German And Soviet Governments Sign Secret Pact To Divide Eastern Europe
🔎 Investigate this EventDate: 1939-08-23
The German–Soviet Non-Aggression Pact And Its Secret Protocols
On August 23, 1939, the governments of Germany and the Soviet Union signed a non-aggression treaty in Moscow. The agreement was signed by German Foreign Minister Joachim von Ribbentrop and Soviet Foreign Minister Vyacheslav Molotov, with approval from German Chancellor Adolf Hitler and Soviet leader Joseph Stalin. Publicly, the treaty pledged neutrality between the two states, while secret protocols outlined plans to divide parts of Eastern Europe into spheres of influence.
The secret protocols detailed arrangements affecting Poland, Finland, Estonia, Latvia, Lithuania, and Bessarabia. On September 1, 1939, German armed forces entered Poland from the west. On September 17, 1939, Soviet forces entered Poland from the east. These coordinated military actions resulted in the partition of Polish territory between the two occupying administrations.
In territories occupied by Soviet authorities, large-scale arrests, deportations, and executions were carried out between 1939 and 1941. Hundreds of thousands of civilians, including ethnic Poles, Ukrainians, Belarusians, and Jews, were deported to Siberia and Central Asia. In areas administered by German authorities, policies included mass arrests, forced labor, establishment of ghettos, and violent repression of civilian populations.
The agreement remained in effect until June 22, 1941, when German forces launched a military invasion of Soviet-controlled territory, ending the pact. After this invasion, the Soviet Union entered the war against Germany alongside Allied powers. The existence of the secret protocols was officially denied by Soviet authorities until 1989, when they were formally acknowledged.

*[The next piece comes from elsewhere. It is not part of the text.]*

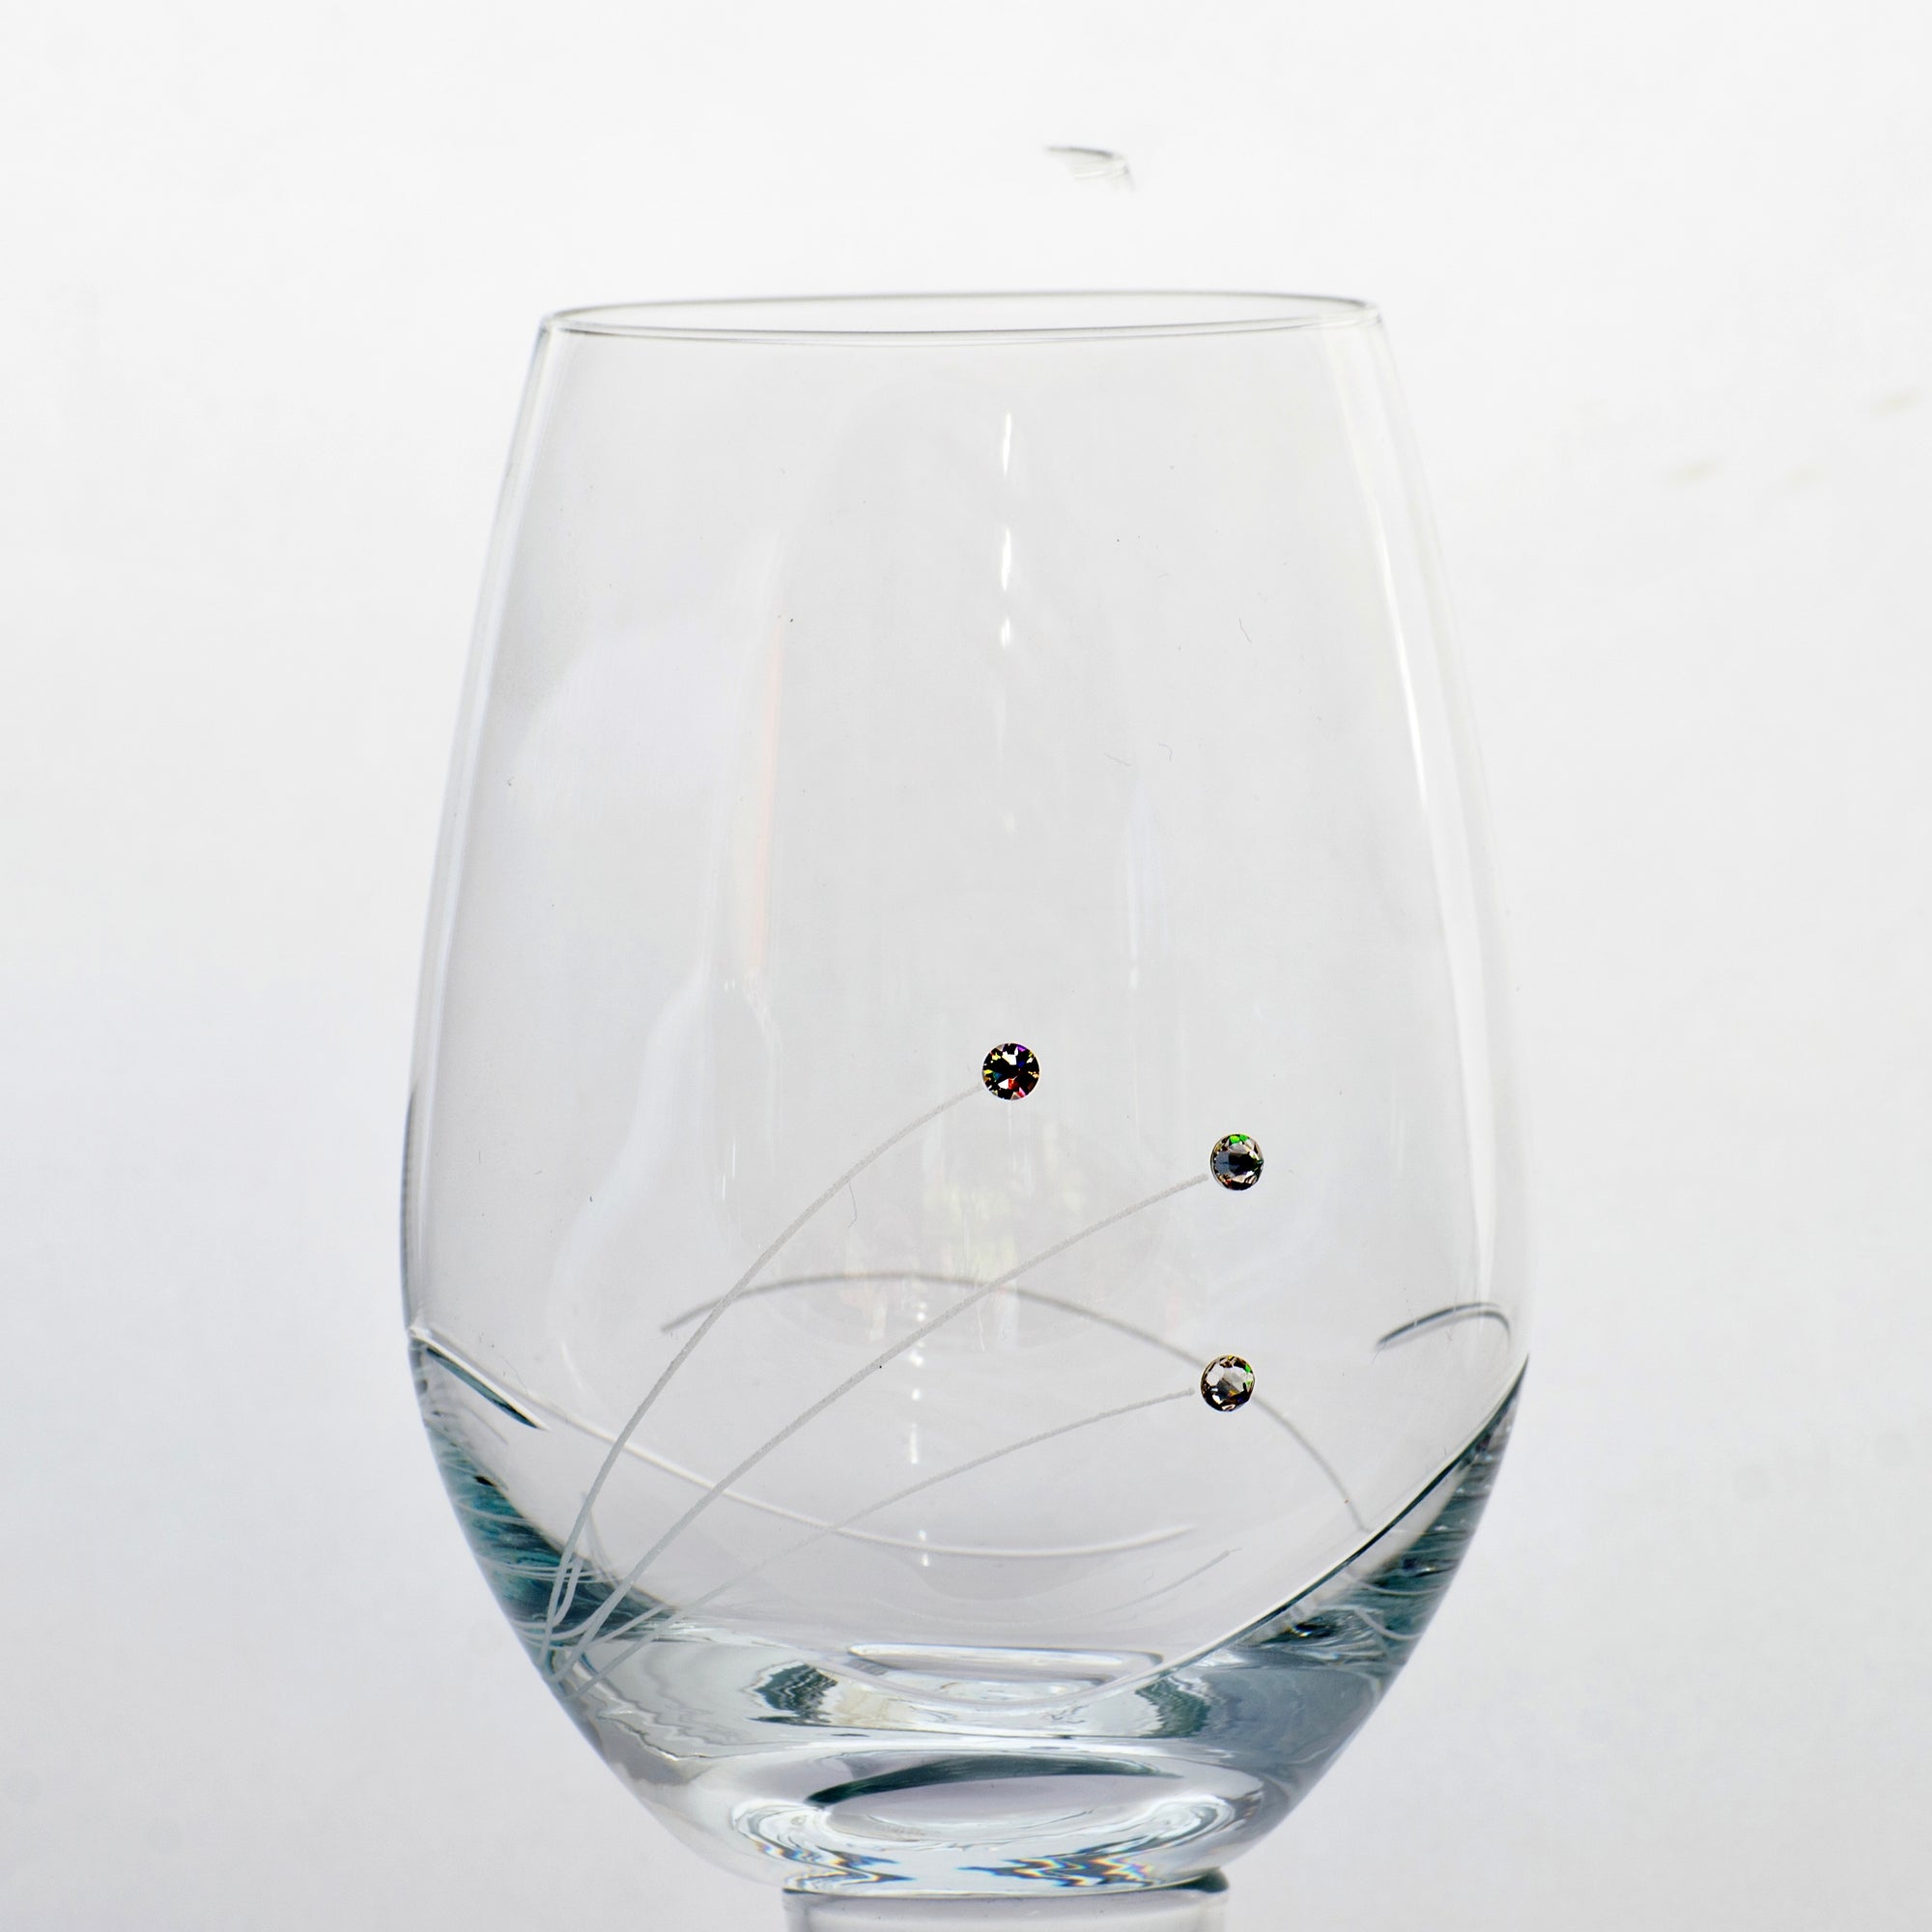 Sparkle Carafe and Red Wine Glasses w/ Swarovski Diamonds - Set of 5
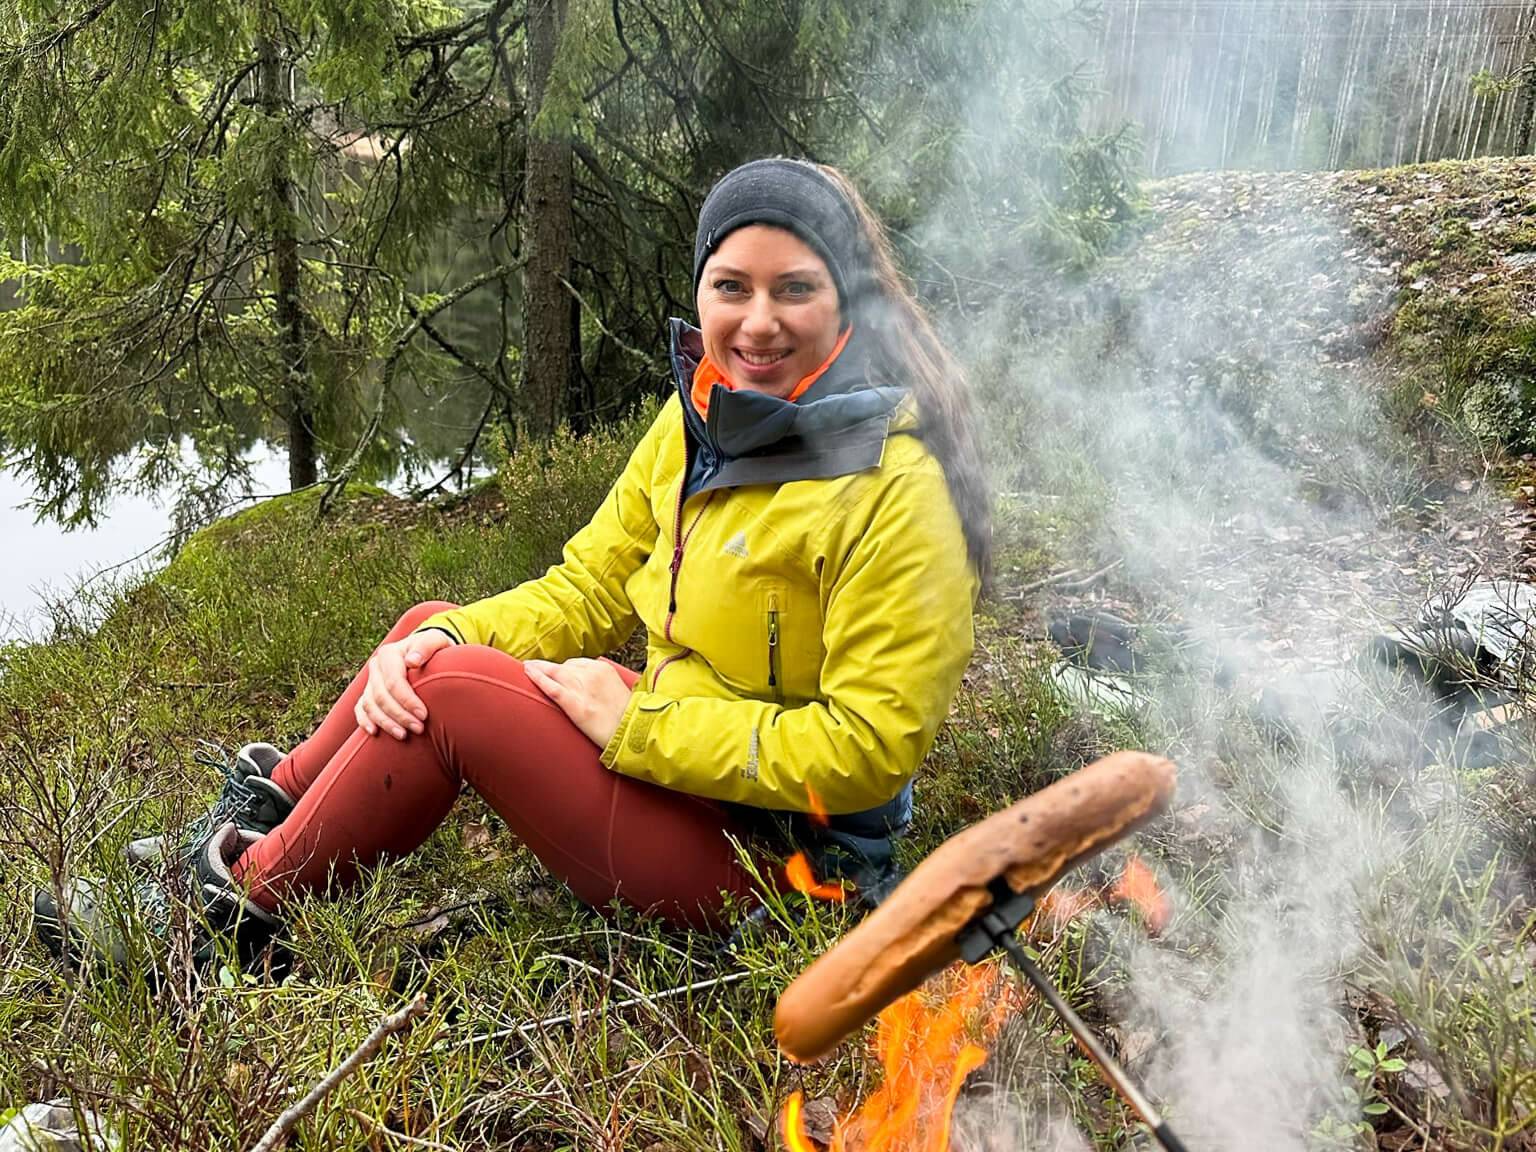 Bloggerin Biggi mit einer Bratwurst am Lagerfeuer im Wald von Oslo.

In 1940, German government agencies developed a proposal known as the Madagascar Plan, which envisioned the forced relocation of Europe’s Jewish population to the island of Madagascar, then under French colonial rule. This proposal was separate from the 1939 pact and was part of population policy discussions within German administrative circles. The plan was never implemented due to logistical constraints and wartime conditions and was later abandoned as policy shifted.